Del Toro’s early work consisted of Spanish-language movies, in which the main characters are on the opposite side of the rest of the cast because of a social issue. Del Toro’s movies, when he moved to Hollywood, have been themed the same way, but based off gender and ethnicity.
“I feel that every decision you make has some political or social position,” he said, pointing to his Pacific Rim heroine Mako Mori, played by Rinko Kikuchi—a lead character who battles alongside men and doesn’t share an onscreen romance with her male counterpart, even if some fans ‘ship it anyway. “It’s incredibly important to me to have a female protagonist in Pacific Rim that doesn’t come out in skimpy shorts and a wet T-shirt and is a sex object, that really holds her own in battles.”

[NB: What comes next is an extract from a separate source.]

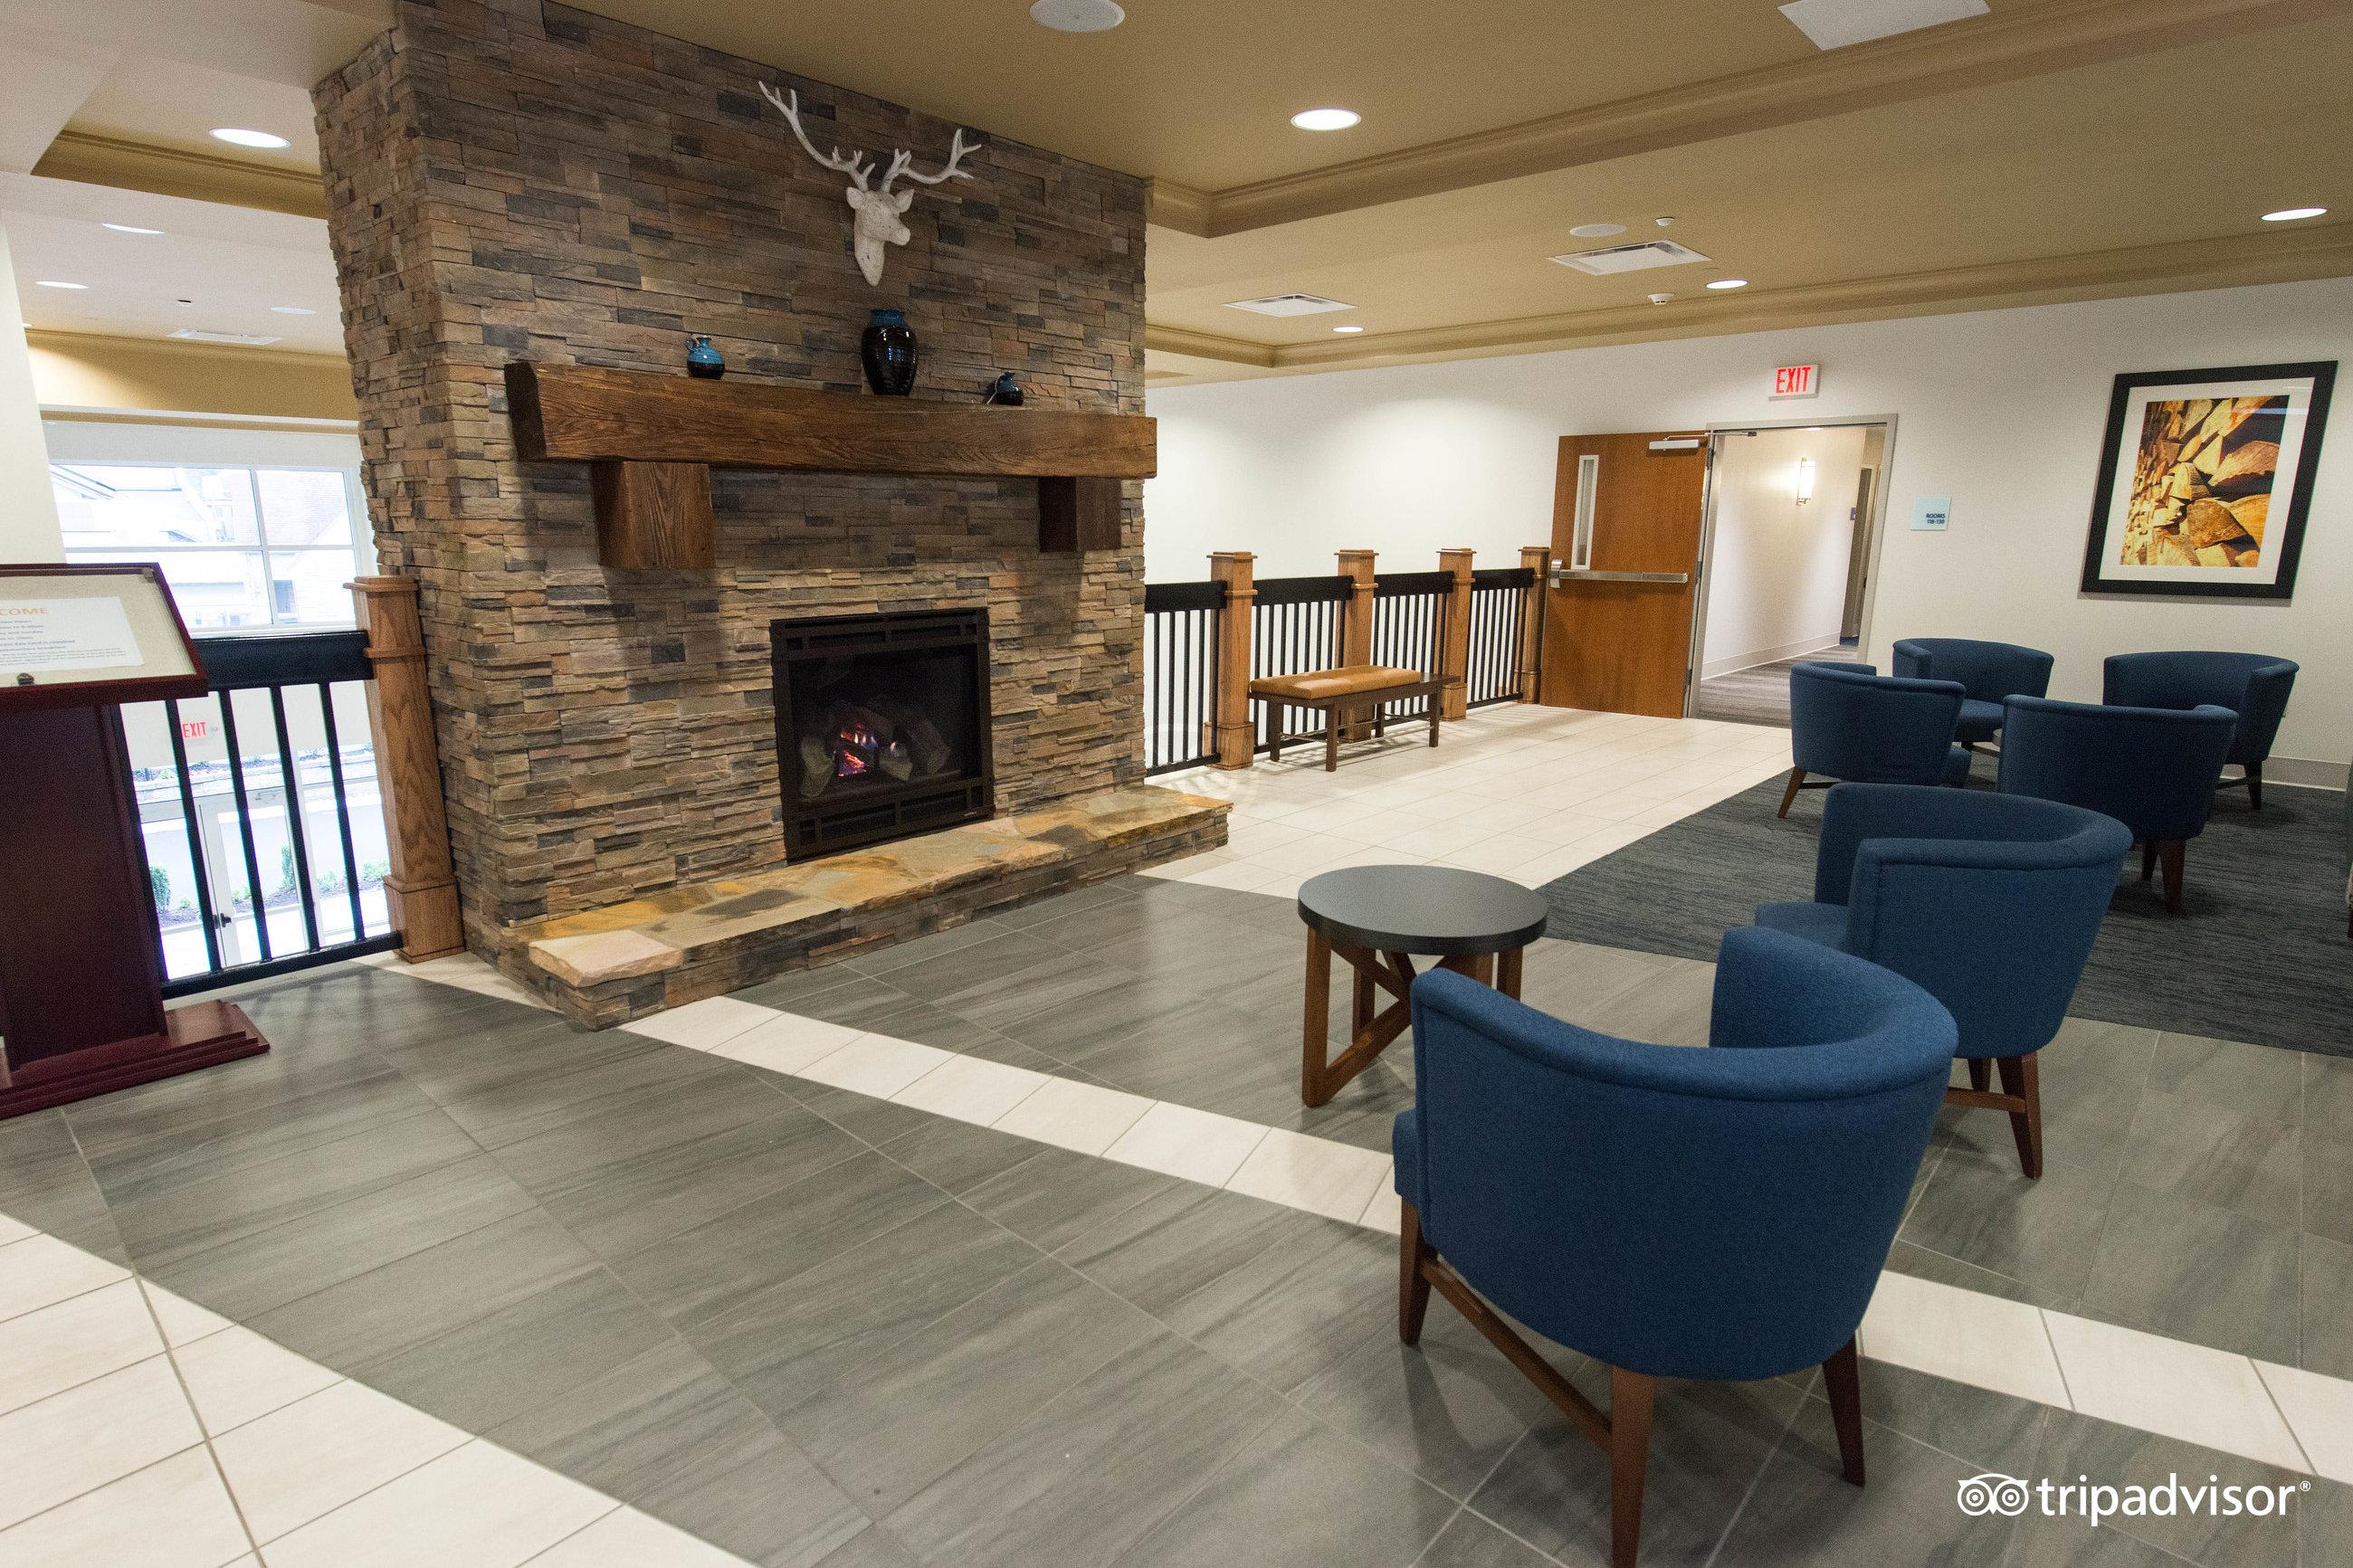 holiday inn express gatlinburg downtown tn 2018 hotel review

“The reason I made the movie was Mako,” del Toro continued. “And I made the decision that the central male and the female characters are going to get the least amount of lines, because they’re closed-in characters who don’t want to talk to anyone—except they want to talk to each other. As friends, as colleagues.”
“The political decision about making a movie about giant robots and monsters is that there’s no single country saving the world. It is the world saving the world, and you end up with an African-American guy, a Japanese girl, everybody saving the world. Those are political decisions for me. When you get jingoistic and ‘hip hip hooray’ sort of militaristic action, that’s a different political decision.”
At Comic-Con in Hall H, Avengers Director Joss Whedon talked about his own work with feminism by giving Black Widow (Scarlett Johansson) an anti-feminist role in Age of Ultron. Del Toro, who is a father of two girls, spoke of Hollywood’s “secret gender war” to fans at the Legendary panel.
“To me, gender is politics,” he told me. “There’s a secret war against gender in the world, and it’s important for me to write substantial parts for female actors that they don’t get that often. Gothic romance is perfect for that. It was important to me to make a damsel-in-distress movie where the damsel ultimately kicks ass. Most of these tales end up in marriage and the marriage is the end to the horrors. In Crimson Peak, the horrors start with the marriage.”
Del Toro is a Guadalajara native who moved to America in 1997 after his father was kidnapped in Mexico. He prefers to talk about his interests in America, such as superheroes, monsters and haunted houses. Although Del Toro wants to continue making movies in America, which he has dual-membership for a few months, Del Toro wants to produce movies in Mexico, including a documentary about “the current climate of corruption.”
“I think that we hold very seriously the responsibility to keep talking about the situation in Mexico, not only when we go there but when we are here,” he said, his usually jovial tone turning serious. “It is urgent because of the social decomposition of our country by the drug trade. The tragedy of that is that a leisure drug trickles down, and it destroys a country.”
“In order to sustain an addiction, you’re killing people all the way from South America to North America. Every time somebody uses drugs, it’s like having a gun. They’re killing someone, period.”
Crimson Peak is set to be released in October 2015!